= Assigned task =
Would you set down the data that follows, word for word, without any pictures?

= Available data =
____

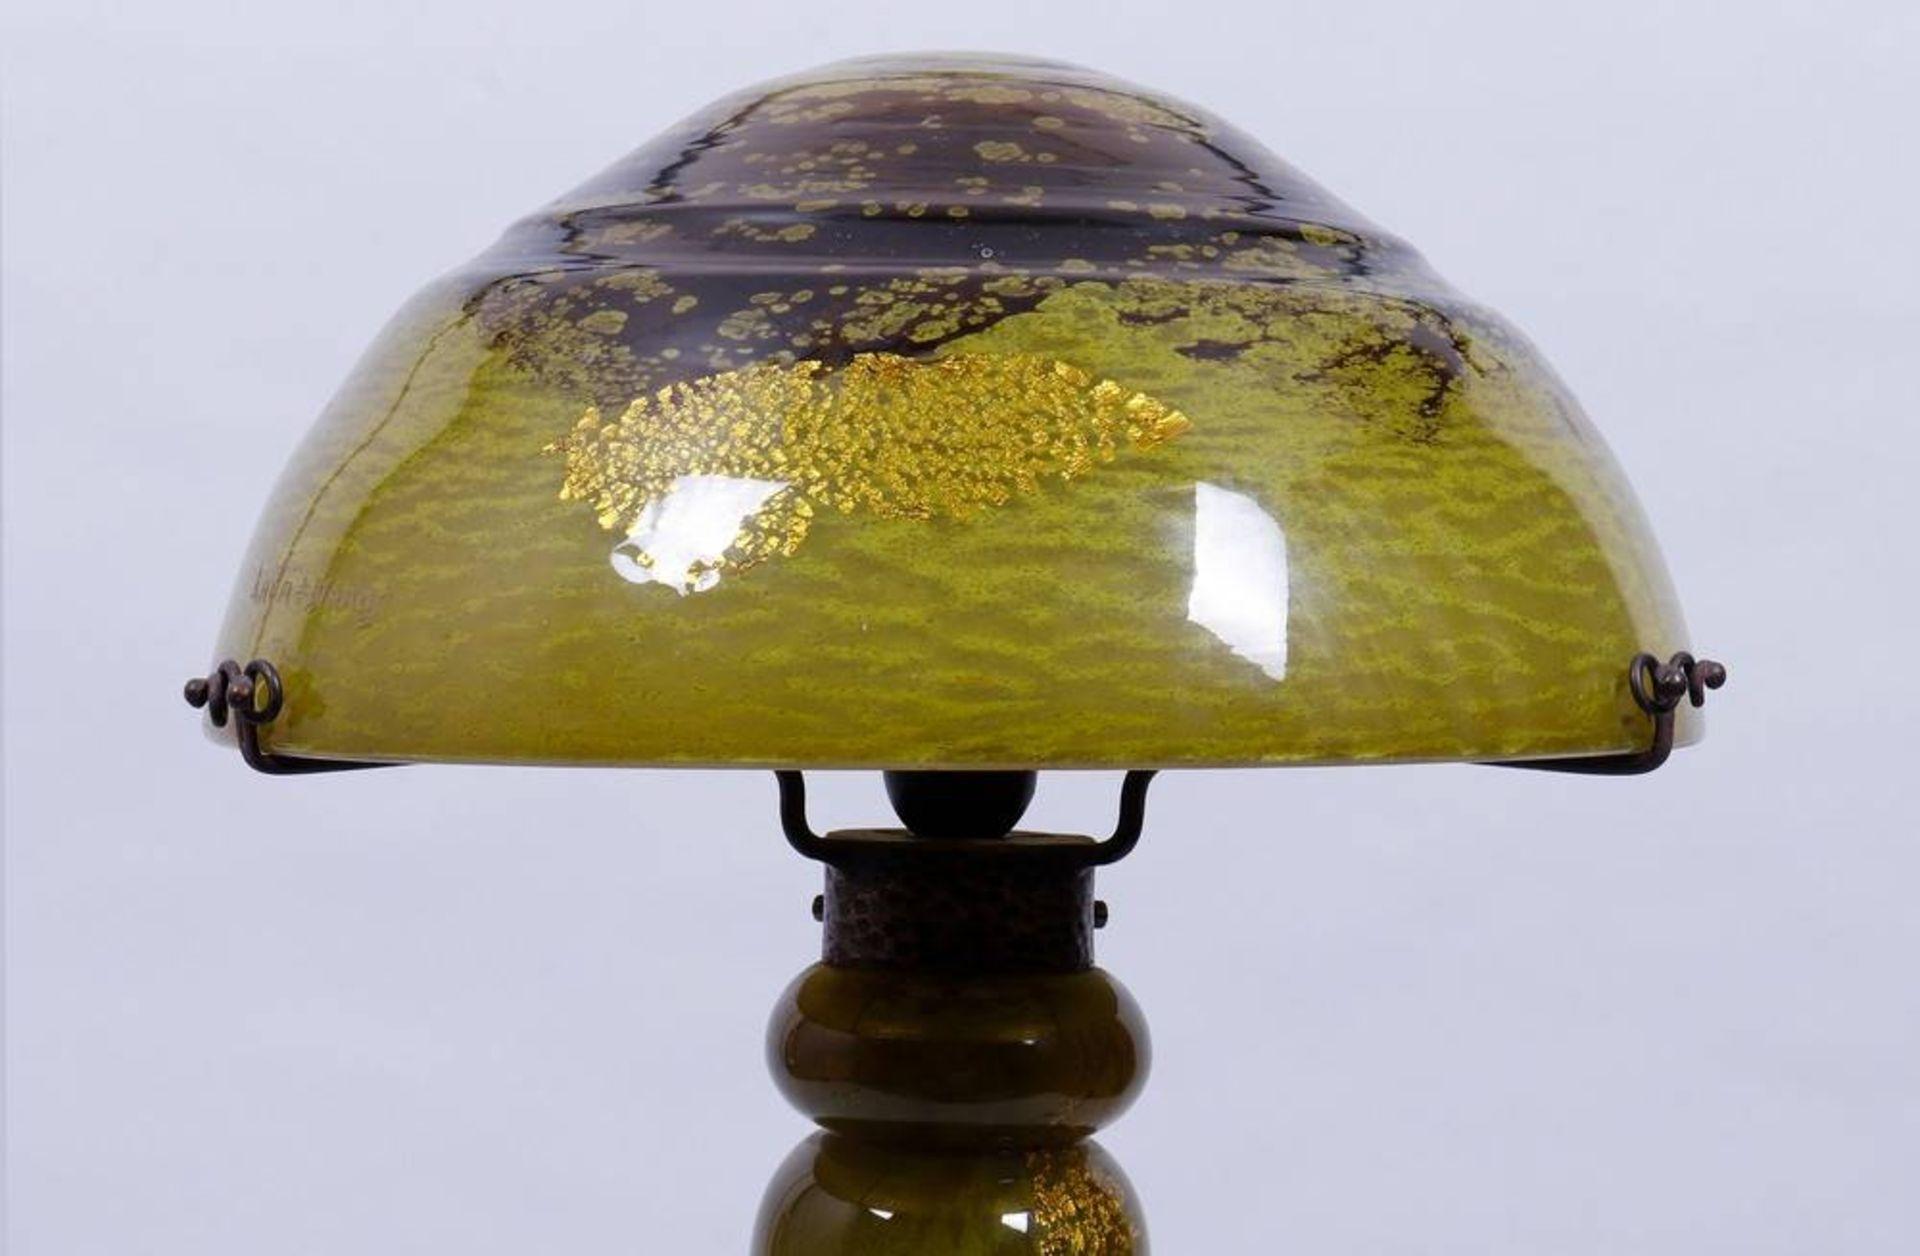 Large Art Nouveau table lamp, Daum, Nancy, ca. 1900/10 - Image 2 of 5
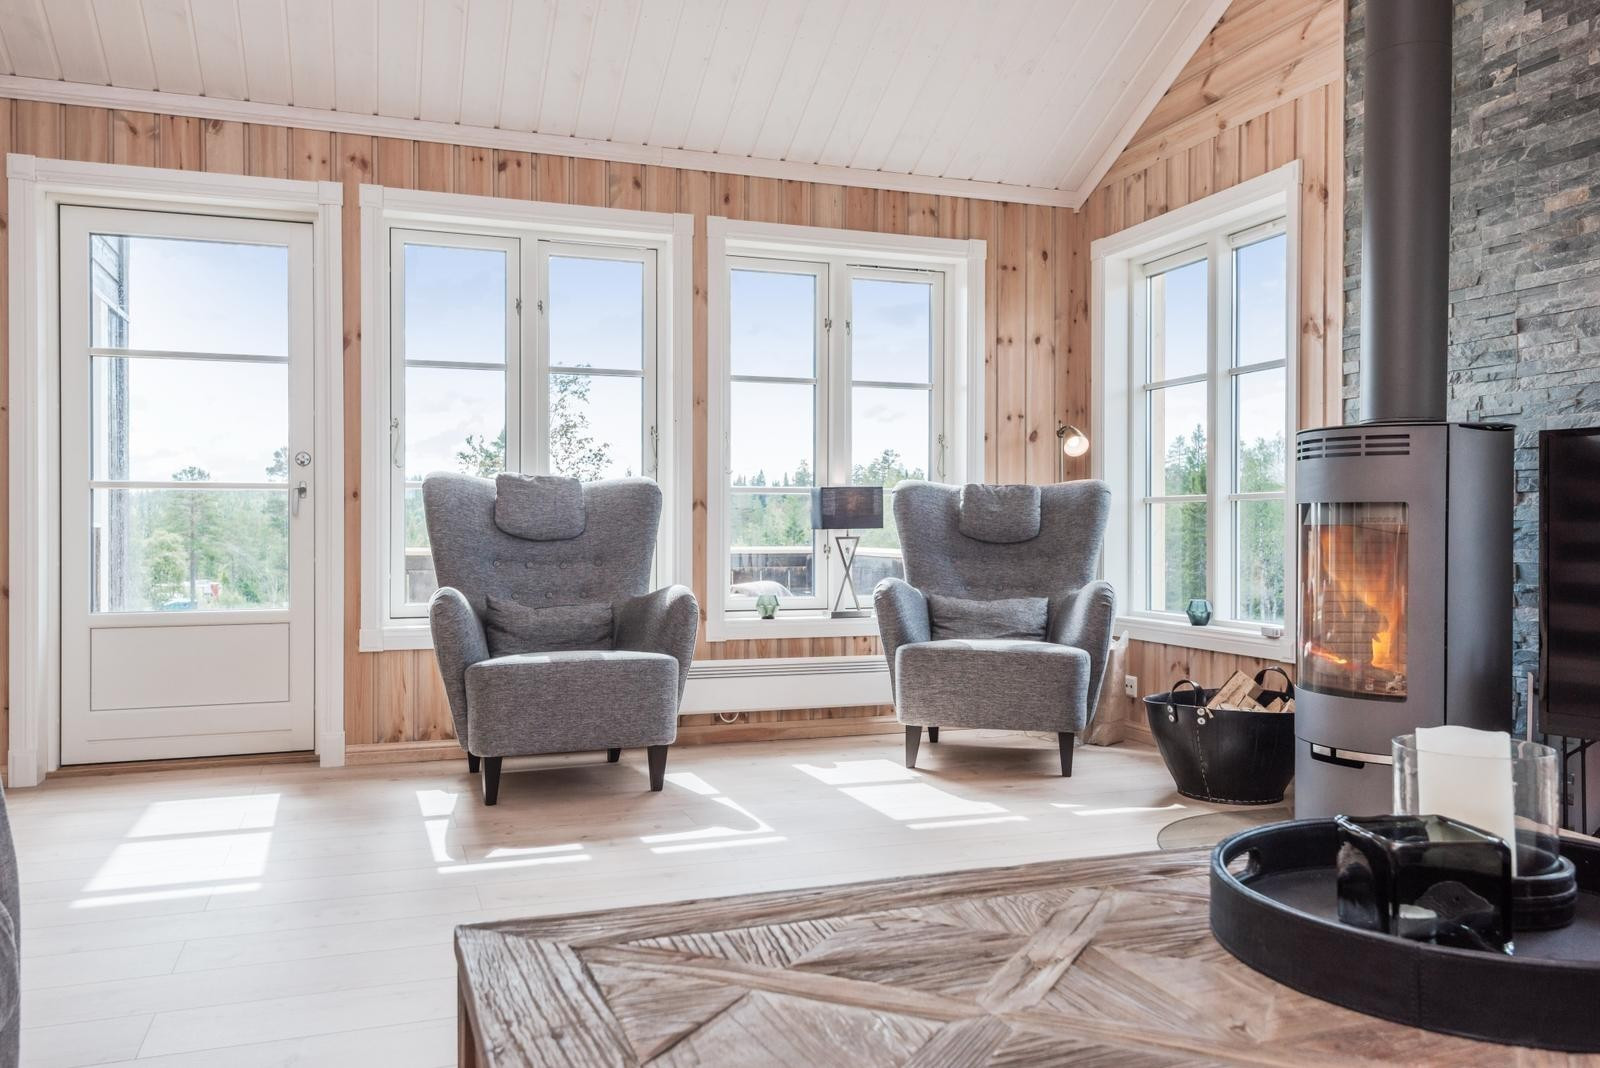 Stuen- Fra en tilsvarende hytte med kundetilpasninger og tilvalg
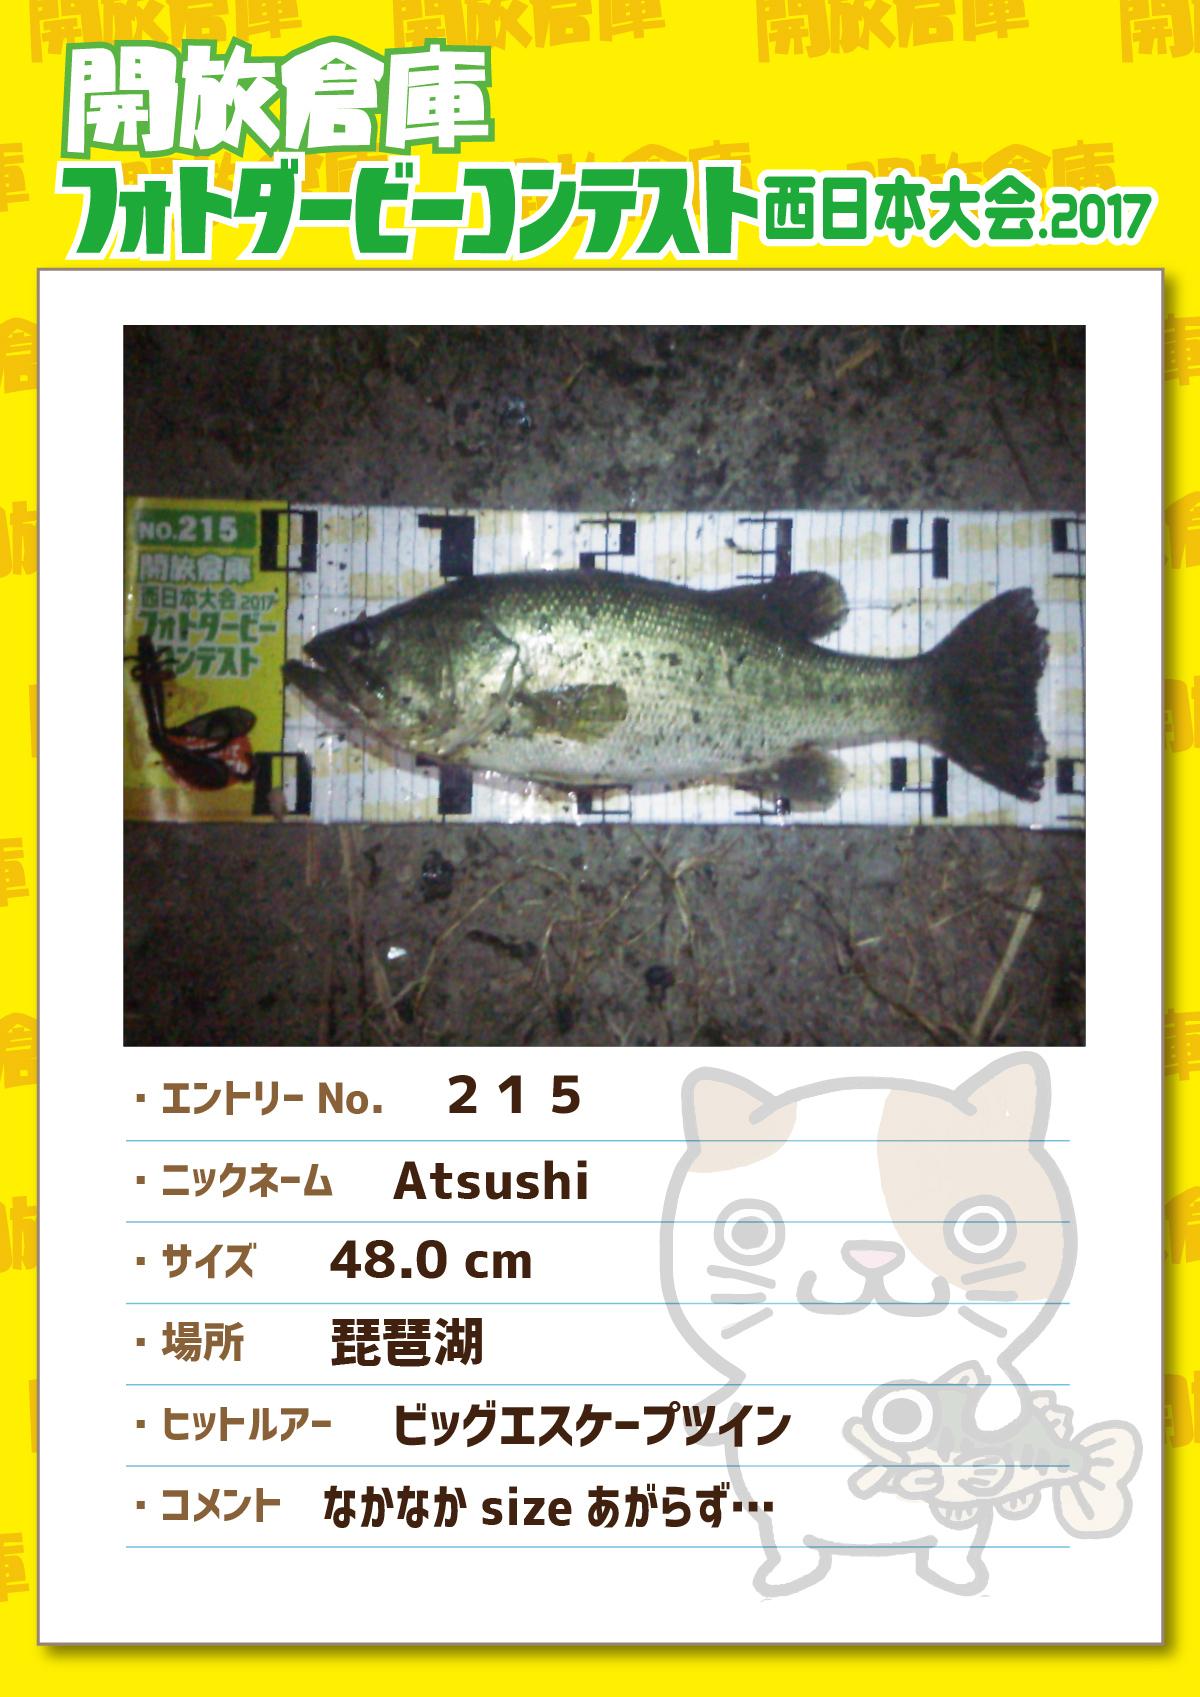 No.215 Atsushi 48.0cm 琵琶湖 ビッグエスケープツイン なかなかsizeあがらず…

____

= Exercise result =
 Large Art Nouveau table lamp, Daum, Nancy, ca. 1900/10 - Image 2 of 5
 Stuen- Fra en tilsvarende hytte med kundetilpasninger og tilvalg
 No.215 Atsushi 48.0cm 琵琶湖 ビッグエスケープツイン なかなかsizeあがらず…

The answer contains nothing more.